2. Uncompromising SQL Security Verification

Because target SQL query blocks are generated by an LLM, the system implements proactive filtering checks before execution. This prevents accidental data loss or unauthorized modifications.

Pre-Execution Scrubbing Flow

Before handing queries to the database driver, strings pass through regex filters: - Mandatory Read Pattern: Requires queries to begin with standard read prefixes (SELECT, WITH). - Destructive Command Verification: Scans query blocks for write/schema operations (DROP, DELETE, UPDATE, INSERT, ALTER, TRUNCATE, GRANT). If detected, execution halts immediately and returns a specific security warning payload.

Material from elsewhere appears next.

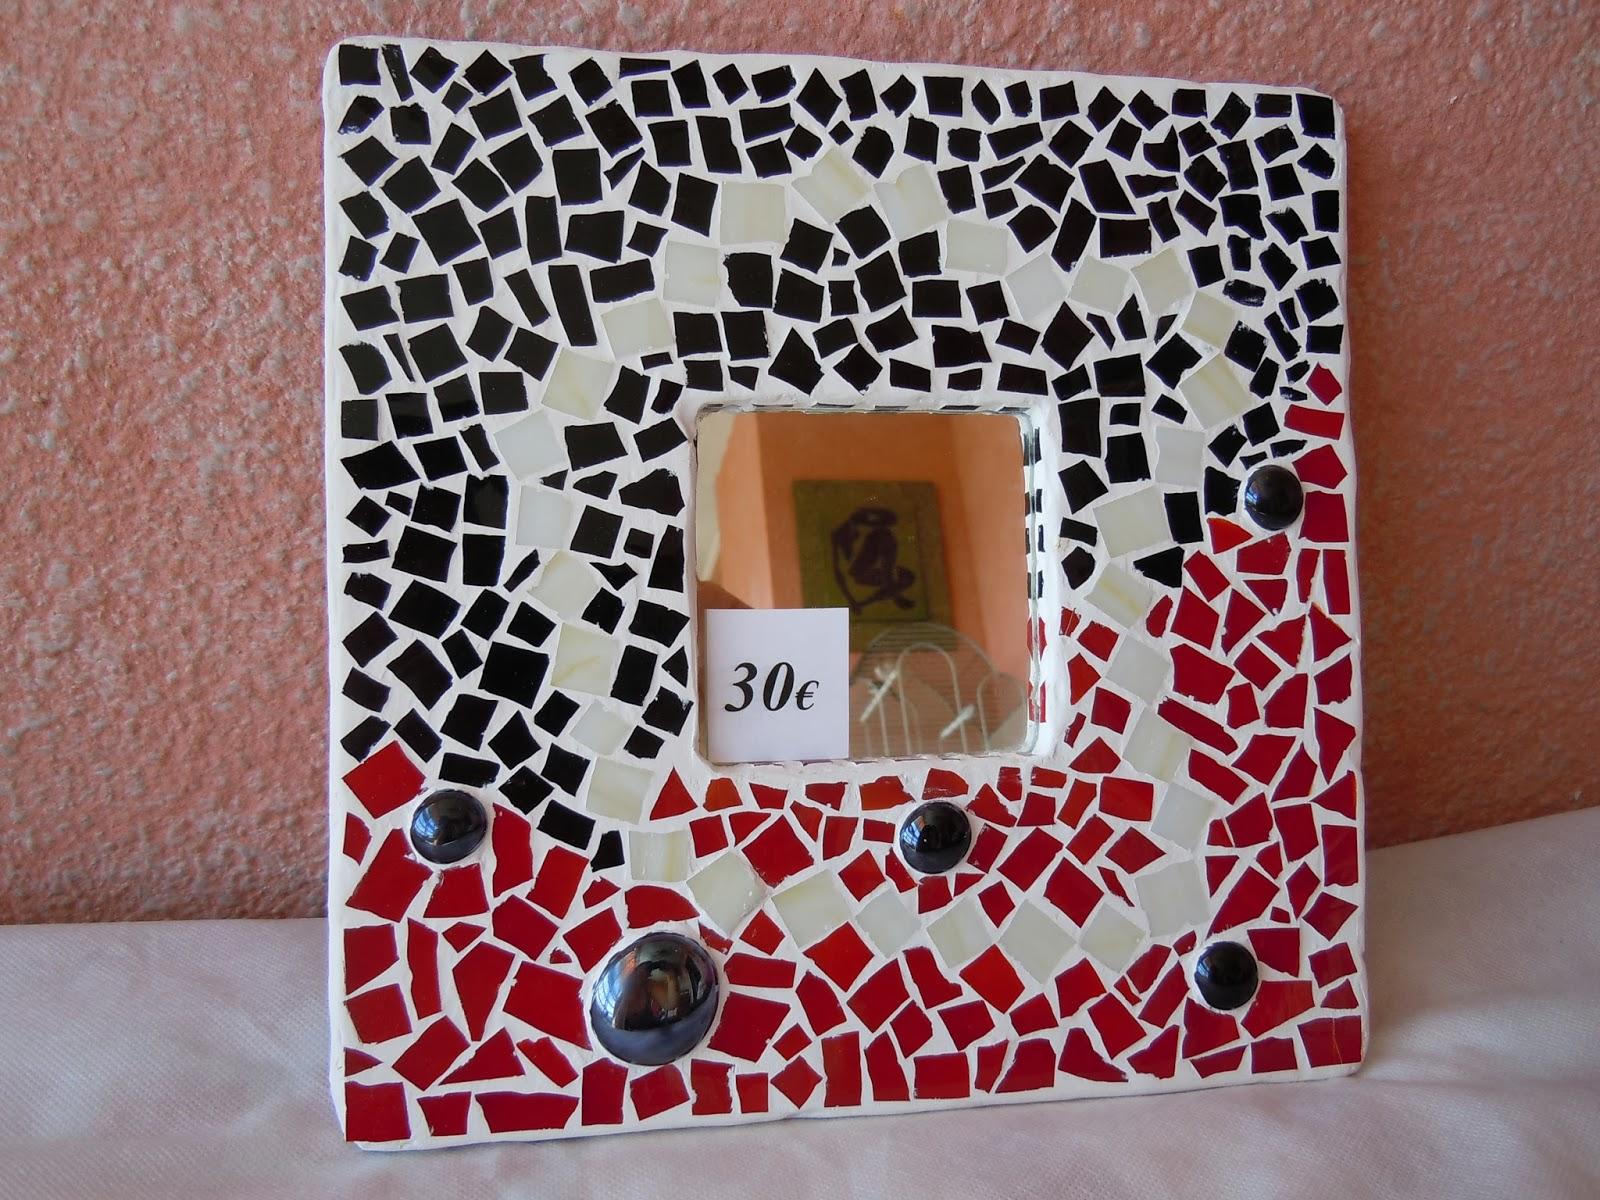 Caroli Jabones: Marcos, malmas, mosaicos y cuadros
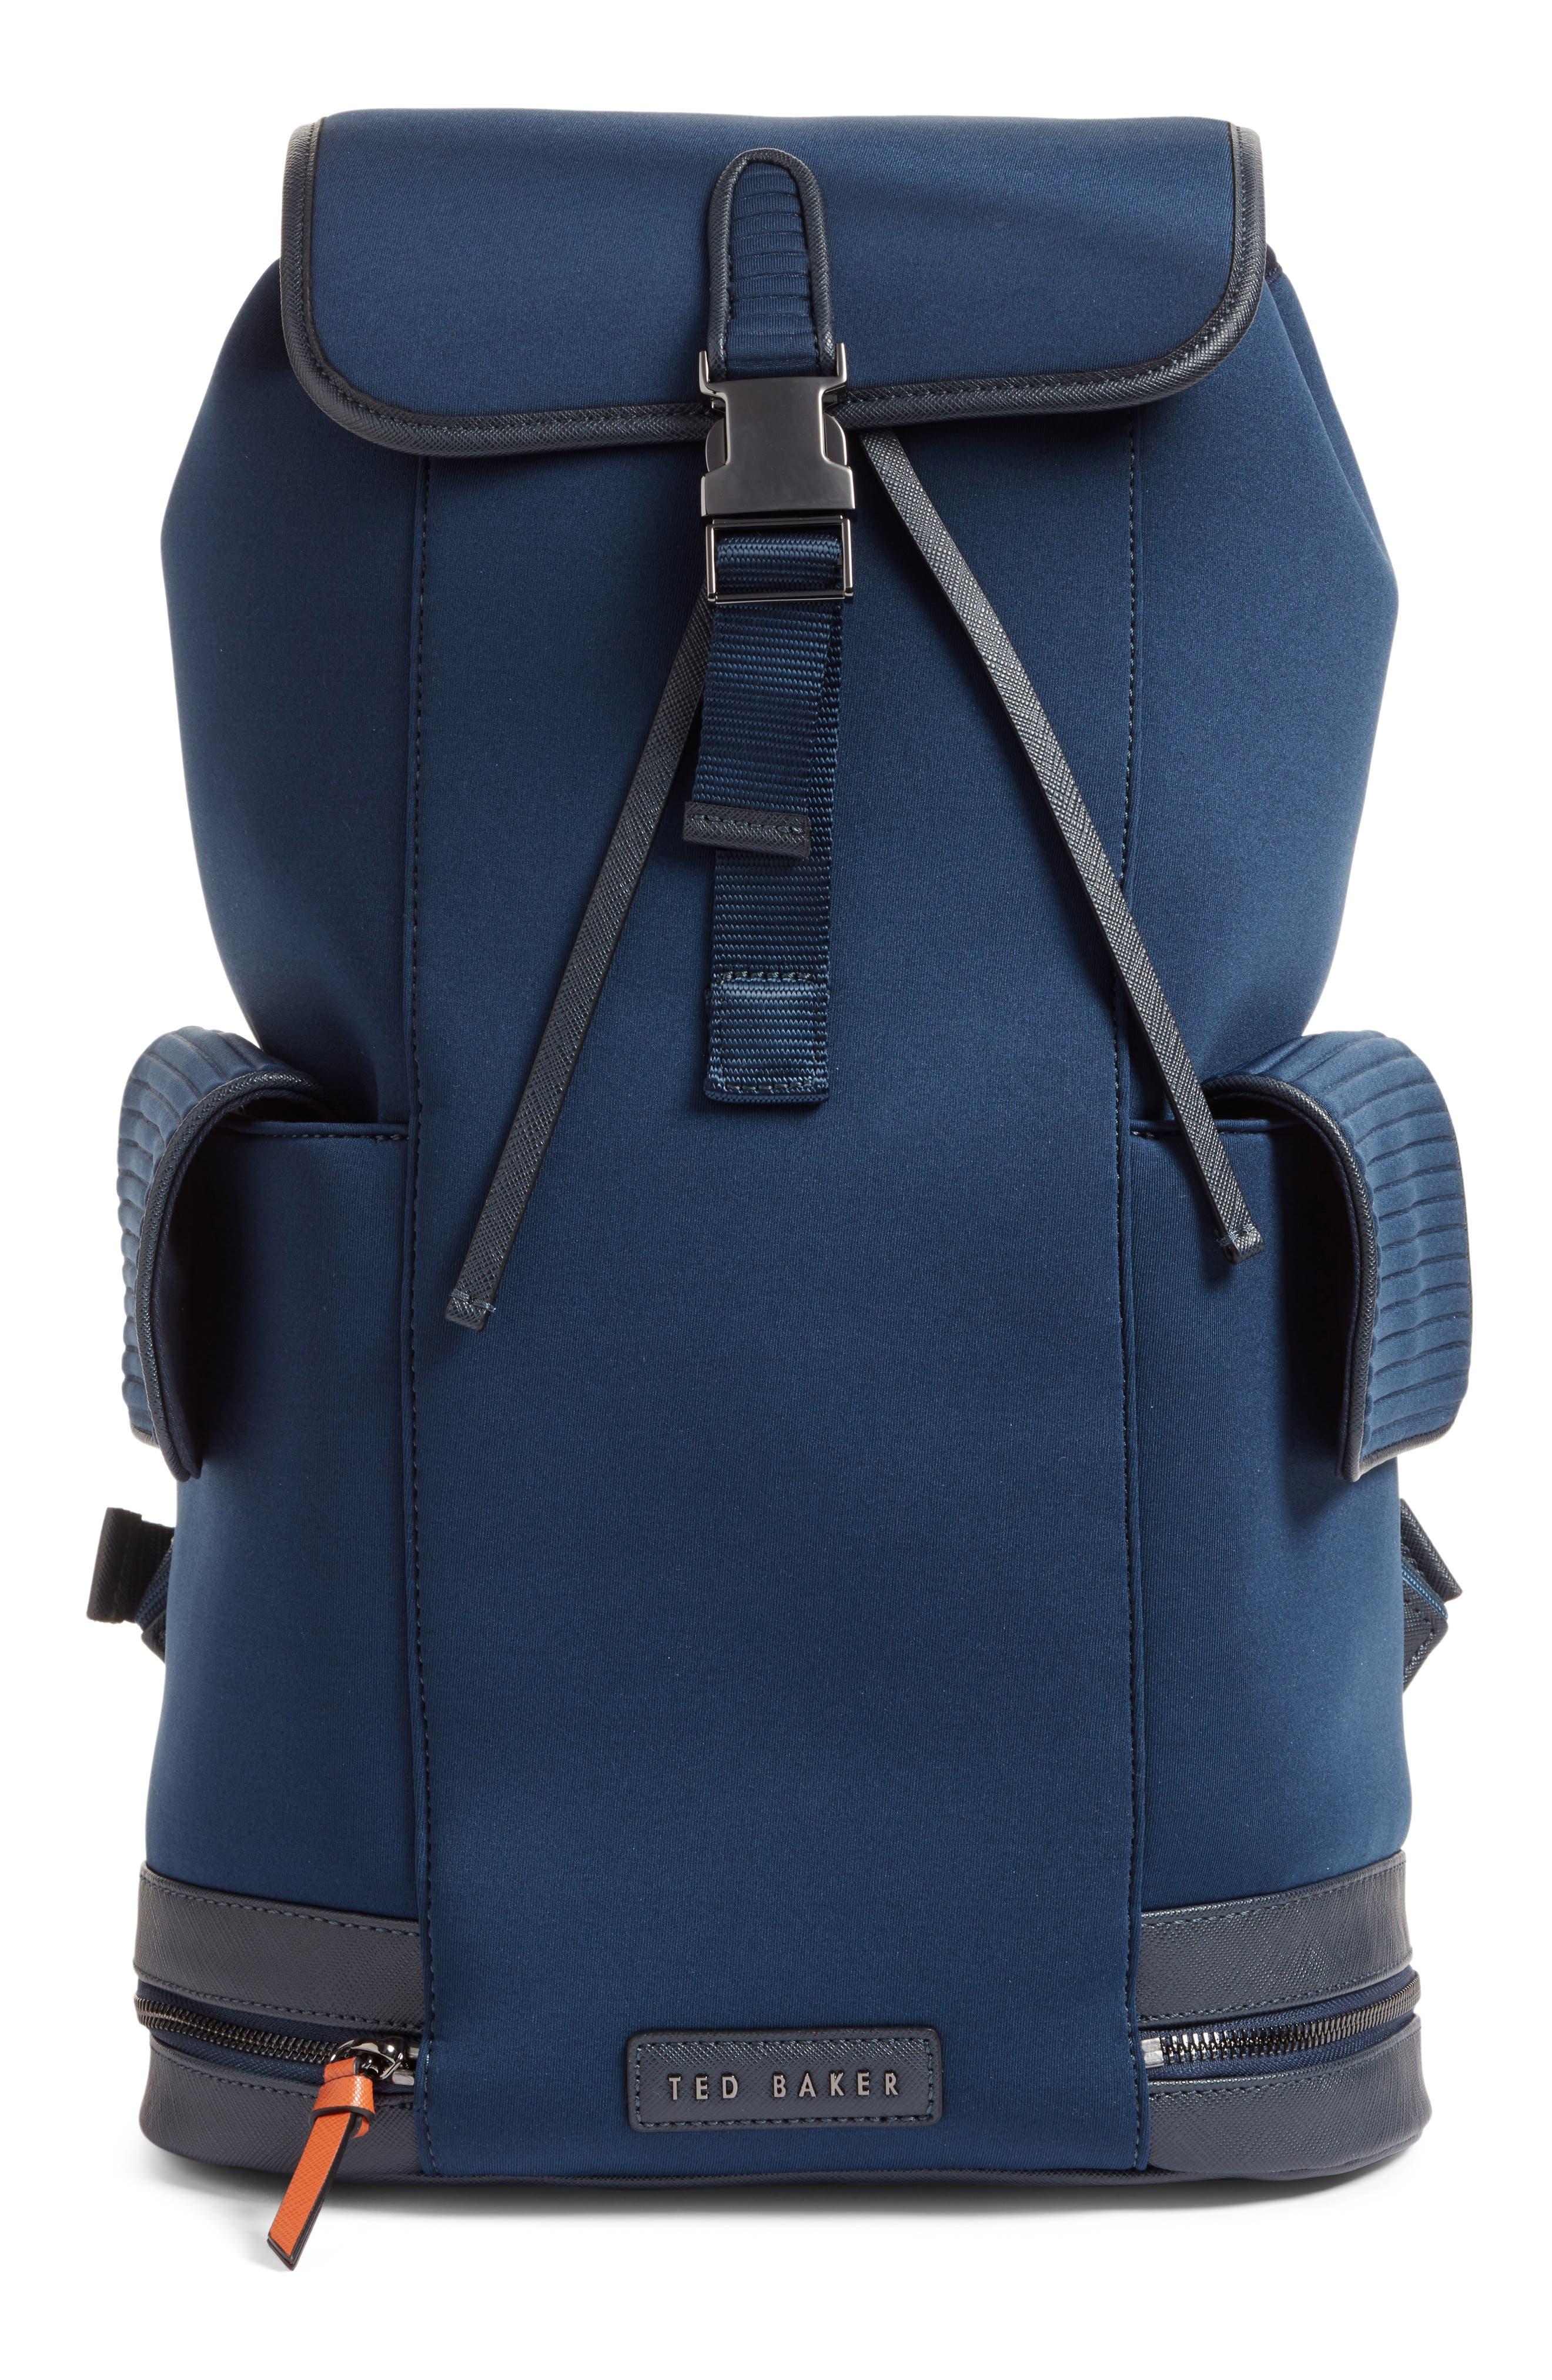 Ted Baker London Sportzi Neoprene Backpack

3. Query Execution & DataFrame Translation

To maximize efficiency, the execution layer avoids instantiating large collections of intermediate ORM objects. Instead, query result buffers map directly to memory formats:

def run_query_and_return_df(connection_string: str, query: str) -> Optional[pd.DataFrame]:
    """Executes validated string operations, outputting parsed DataFrame tables."""
    # Internal driver interaction bypasses standard object mappings
    # to load read records natively.
    ...

Automatic Data Formatting

Once loaded into DataFrames, numeric metrics, timestamp strings, and missing attributes are converted to standard JSON-compatible types before serializing to downstream client endpoints.